What with all the actors involved, the lovely sisters and the police (Chief Inspector Foy is a delight) there’s quite a tangled web of fluctuating relationships. The reader’s sympathy is always, quite rightly, with Harriet; trying to please everyone (succeeding only too well in some cases), left entirely in charge of Cordelia, the only worrier in the family and the fondest of her Micawber-ish father. Does it come right for her? Aha! I recommend this book highly as a lose-yourself-in-it romantic novel.

Date: 2010-11-19 05:36 pm (UTC)
From: [identity profile] debodacious.livejournal.com
Hah! I knew you would like it. This was definitely my favourite of the 3 I've read so far, but I am looking out for the others.

Date: 2010-11-19 05:46 pm (UTC)
From: [identity profile] callmemadam.livejournal.com
Thanks so much for the recommendation! Pity if I've started with the best but I'll certainly read more when I find them.

Date: 2010-11-21 11:56 am (UTC)
From: [identity profile] callmemadam.livejournal.com
Of course. Also a Great Parlour and possibly a Middling one.

Date: 2010-11-21 02:13 pm (UTC)
From: [identity profile] ramblingfancy.typepad.com (from livejournal.com)
This is now on my Amazon list! Thank you so much for the Lorna Hill as well. Started it last night and loving it already!

Date: 2010-11-21 02:26 pm (UTC)

Clouds among the stars

Date: 2010-11-24 03:19 pm (UTC)
From: (Anonymous)
As soon as I saw this cover I fancied the book! (In spite of what they say about books and covers!) And your review has made me decide I MUST read it! It seems to have so many ideas I know I'll enjoy. Thank you for the recommendation!

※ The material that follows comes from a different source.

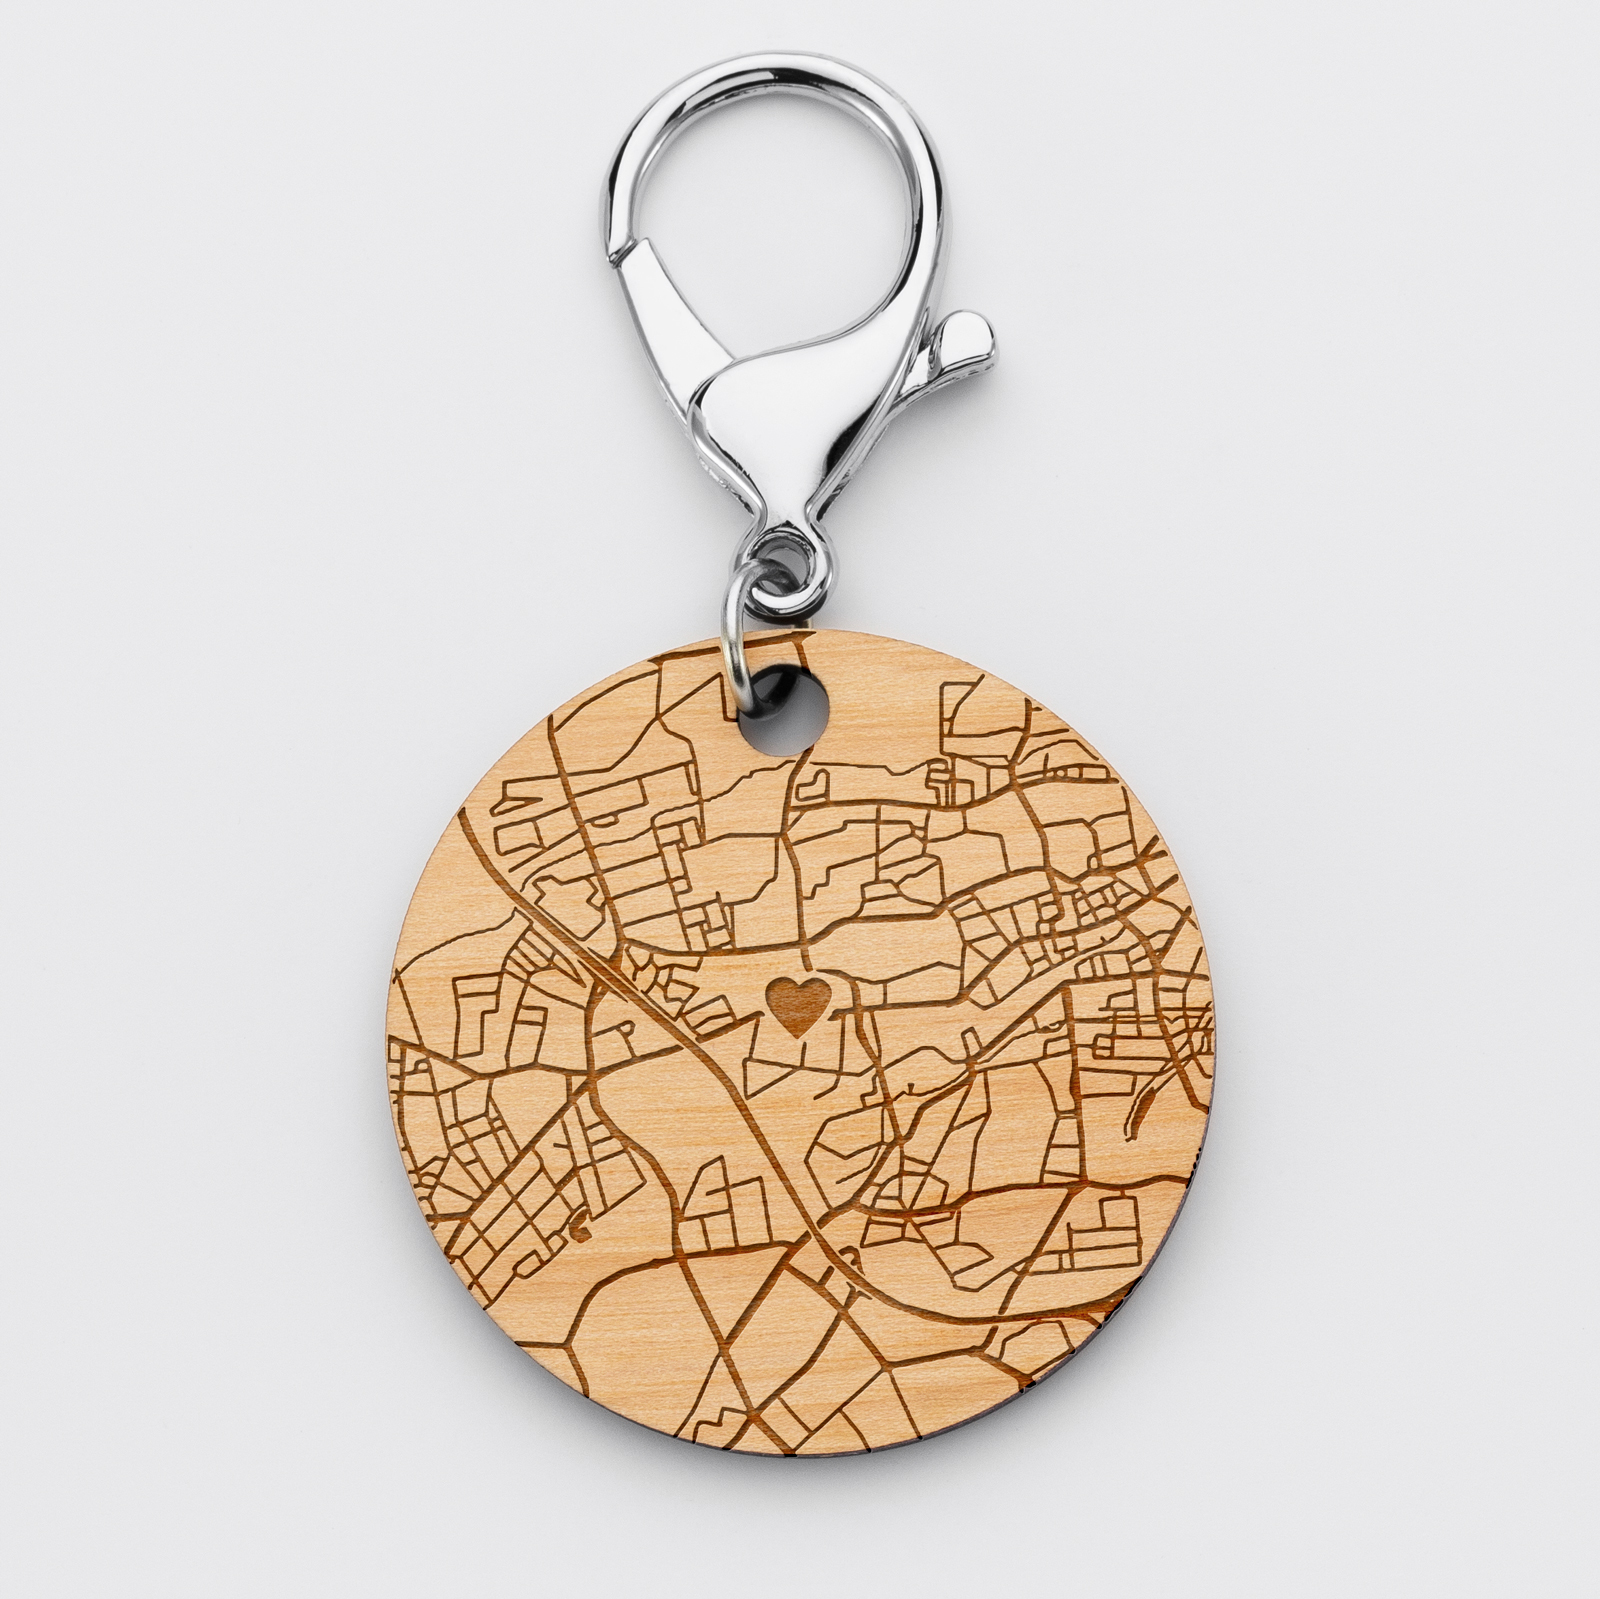 Porte-clés gravé "Géo map" personnalisé bois médaille 50 mm ronde - Cadeau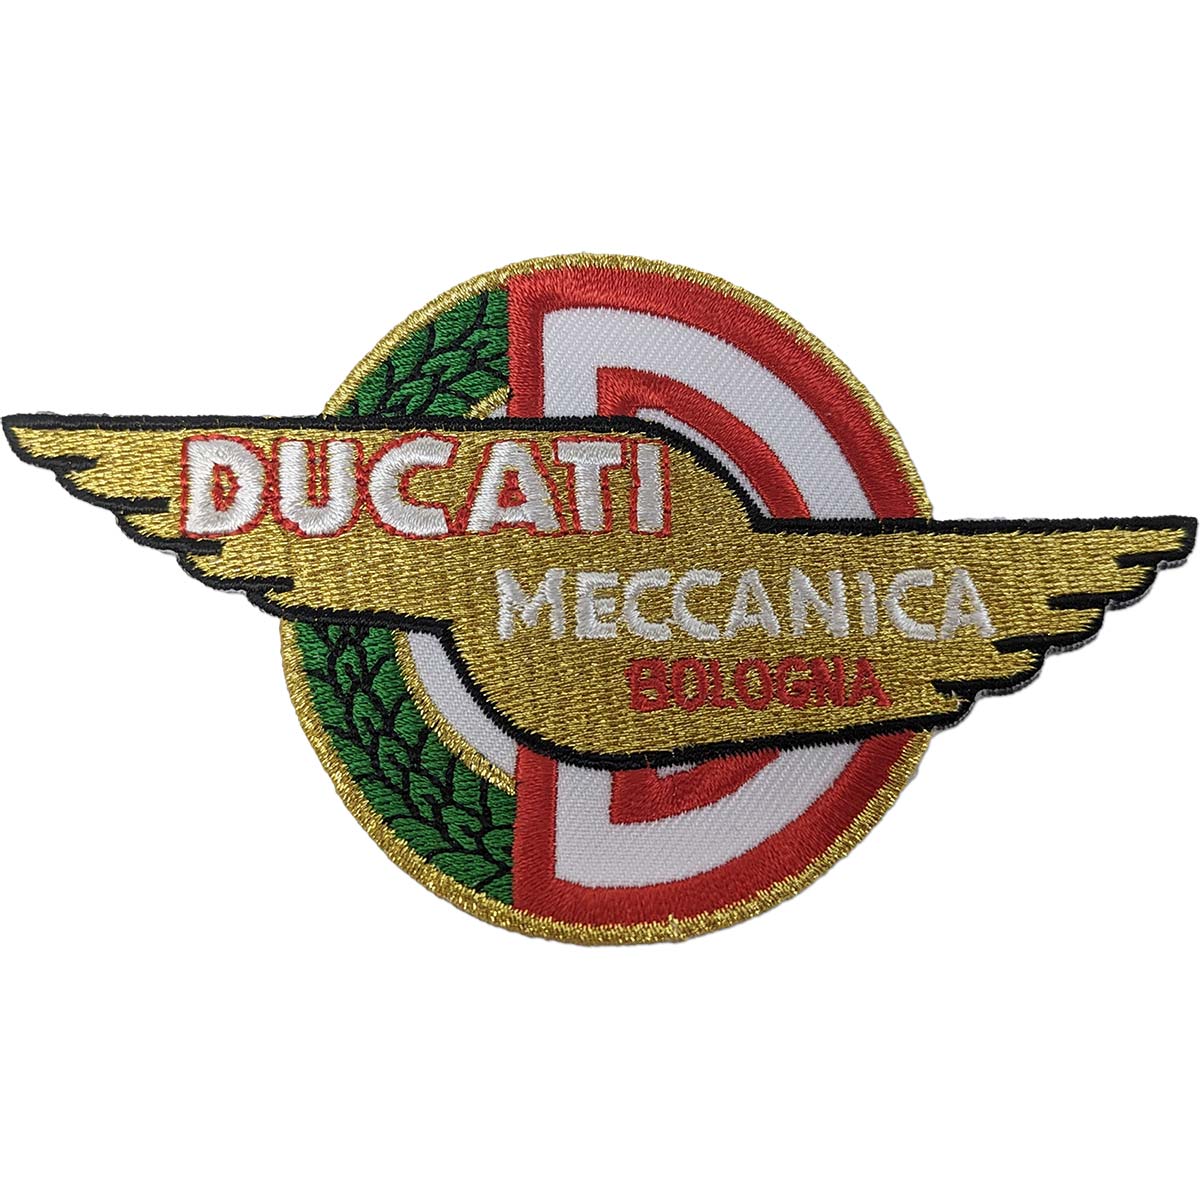 ドゥカティ メカニカ ワッペン パッチ DUCATI MECCANICA WING

Penny (Scottish Vegan Homemaker)

Re: Clouds among the stars

Date: 2010-11-24 03:48 pm (UTC)
From: [identity profile] callmemadam.livejournal.com
Hope you enjoy it as much as I did!

Date: 2010-11-30 05:09 pm (UTC)
From: [identity profile] geraniumcat.livejournal.com
I adore this book! I've loved all her novels, but this is absolutely my second favourite. Best of all is Dance With Me - least favourite is the most recent, A Girl's Guide to Kissing Frogs, so I recommend that you read that soon, before you get to the others (but I still enjoyed it). Characters from one keep cropping up in others, which is fun, because you find out what's happened to them. Whenever I'm having a bleak spot, I read one, they always make me feel better.

Date: 2010-11-30 07:37 pm (UTC)
From: [identity profile] callmemadam.livejournal.com
Well snap again! I tried a Kindle sample of A Girl's Guide to Kissing Frogs but decided not to buy it, although I'd be happy to get it from the library. Someone has just lent me Out of Love so that's on the TBR pile.

Date: 2010-11-30 08:20 pm (UTC)
From: [identity profile] geraniumcat.livejournal.com
Oh, it's definitely worth getting from the library if you can - it's still fun to read, it just doesn't quite have the freshness of the others. Okay, all the plots are somewhat similar, but maybe it's just that they all really hit my comfort zone. Have I asked you before if you've read Elizabeth Pewsey's Mountjoy series? They are my other port in a storm.